联合国秘书长之争,大国博弈下的“最大公约数”与制度底线
随着现任秘书长古特雷斯任期即将届满,下一任联合国“掌门人”的角逐已进入白热化阶段。首先需要厘清的一个常识是,目前的4位候选人并非“必须且仅有”的法定名额。根据《联合国宪章》及联大相关决议,秘书长遴选并没有规定固定的候选人数量,这4人(格罗西、巴切莱特、格林斯潘、萨勒)只是截至目前由会员国正式提名并参与公开对话的候选人。在安理会正式启动意向性投票前,会员国随时可以撤回提名或推出新的候选人。
然而,无论候选人名单如何变动,最终的任命必须跨越一道极高的制度门槛:候选人必须在安理会获得至少9票赞成,且五个常任理事国(中美俄英法)均不行使否决权。这就引出了一个关键的极端假设:如果这4位候选人最终都无法获得大国一致同意,比如美国力推的格罗西被中俄否决,或者拉美候选人遭到美国抵制,该怎么办?
答案是:联合国绝不会陷入“无人可选”的僵局。如果现有候选人全部被否决,安理会将继续进行多轮秘密的“试探性投票”,直到就某位候选人达成共识为止。在这个过程中,安理会完全可以从这4人之外重新推荐或接纳新的候选人。历史上,为了打破大国分歧,安理会曾多次通过闭门磋商寻找各方都能接受的“折中人选”。因此,最终的胜出者,既可能是这4人中的一位,也可能是半路杀出的“黑马”。

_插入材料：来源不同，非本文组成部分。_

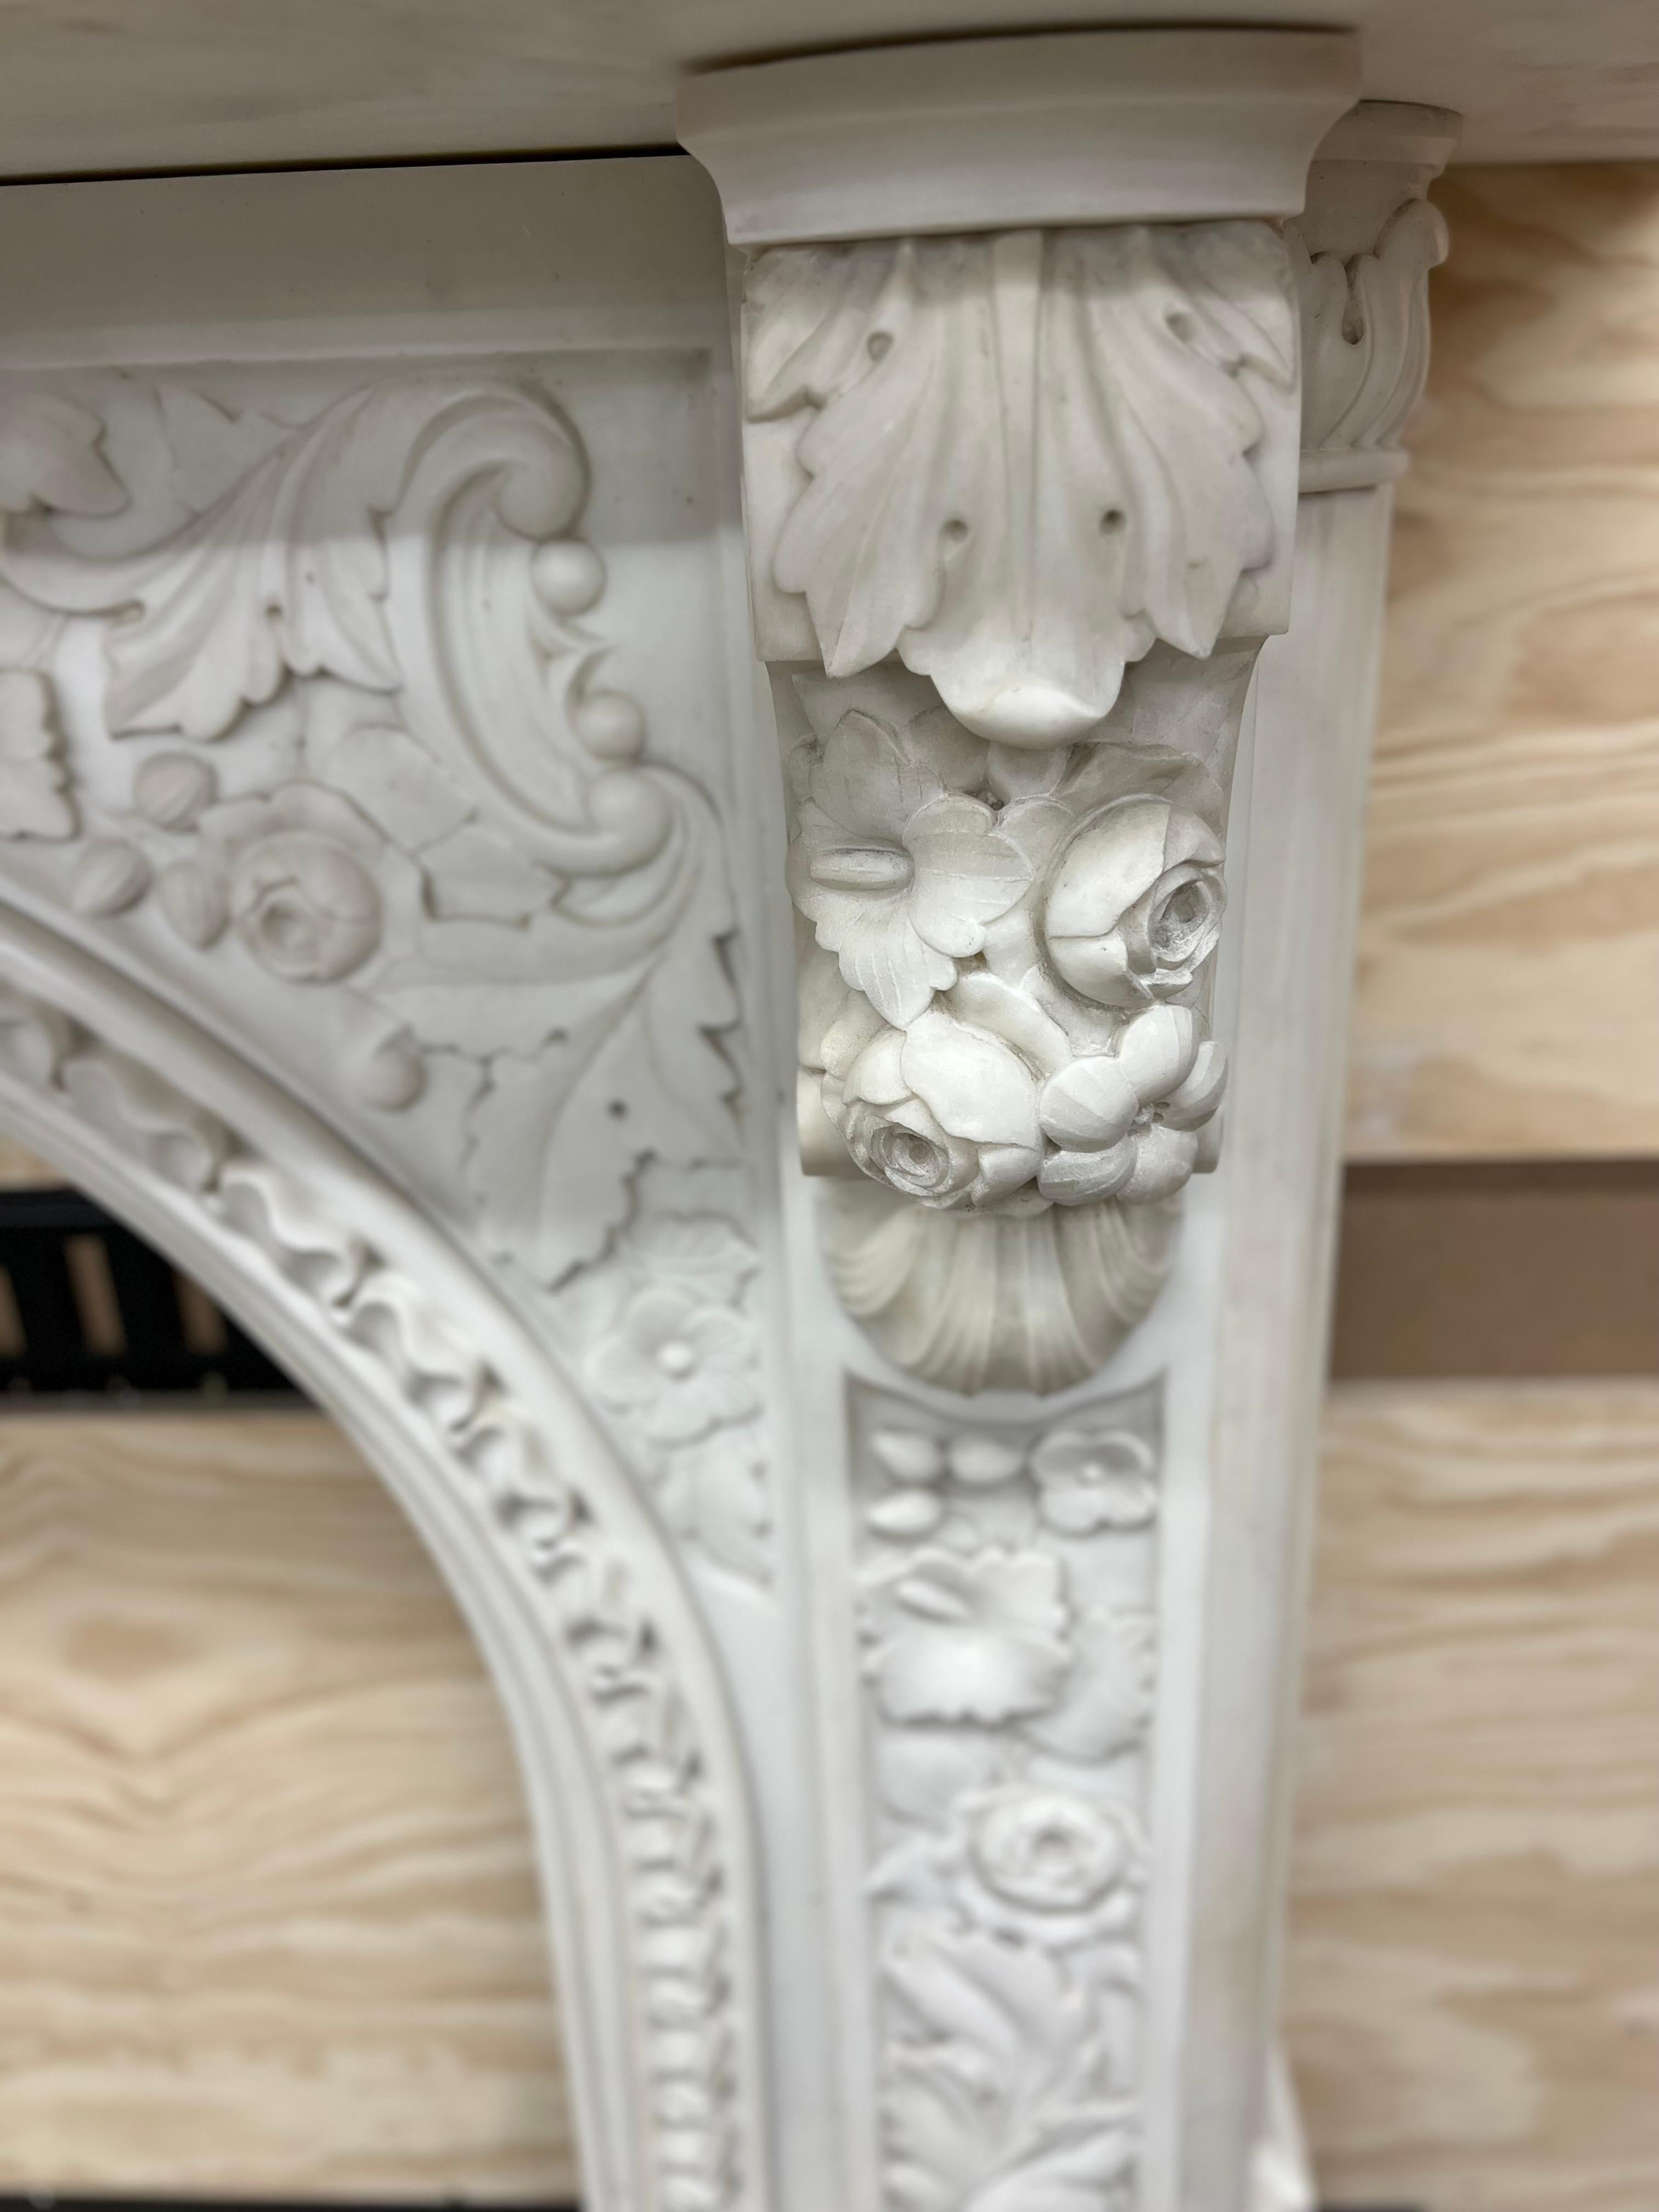 Arched Victorian chimneypiece c.1860 carved in Statuary marble with a firebox opening designed to accommodate a register grate, having profuse foliate carving to the jamb and frieze panels, repeated in the corbels supporting the mantel shelf and the

在这场没有硝烟的博弈中,中美两国对“理想秘书长”的诉求差异,构成了当前选举的最核心矛盾。美国心目中的联合国秘书长,必须是一个“听话”且“可控”的代理人。尽管秘书长没有兵权与强制执法权,但掌握着会议议程设置、日常工作安排等关键行政权力。美国希望借此掌控联合国这台庞大的机器,使其在国际事务中站在美国及西方立场上发声,维护其全球霸权。
相比之下,中国对秘书长的要求则截然不同。中方并不需要一个“听中国话”或处处向着中国说话的代理人,而是要求秘书长必须具备“硬骨头”——公道正派、主持正义、敢于坚持原则。中国需要的是一个不向霸权低头、不屈从于单边主义,真正为全世界大多数国家(尤其是全球南方国家)服务,敢于主持公道的实干家。
除了中美,其他三个常任理事国也各有考量。俄罗斯的核心底线是“不被北约裹挟”,坚决拒绝秘书长沦为西方的“政治工具”,倾向于支持能够独立发声、维护多边主义的候选人。而英国和法国作为美国的传统盟友,一方面在价值观上与美国契合,另一方面也担忧联合国因大国对抗而彻底散架,因此他们更看重候选人的“稳定性”,倾向于选择能够平衡各方、不让联合国陷入瘫痪的温和派。
回到当前的竞选格局,这四位候选人各自背负着难以逾越的政治包袱。拉斐尔·格罗西作为美国力推的技术官僚,在核安全领域的履历无可挑剔,但他过度偏向西方的立场,尤其是在AUKUS核潜艇合作及日本核污染水排海等问题上的表现,已严重透支了他在中俄及广大发展中国家中的信任。在“一票否决权”的达摩克利斯之剑下,格罗西的“领跑”更像是一种脆弱的泡沫。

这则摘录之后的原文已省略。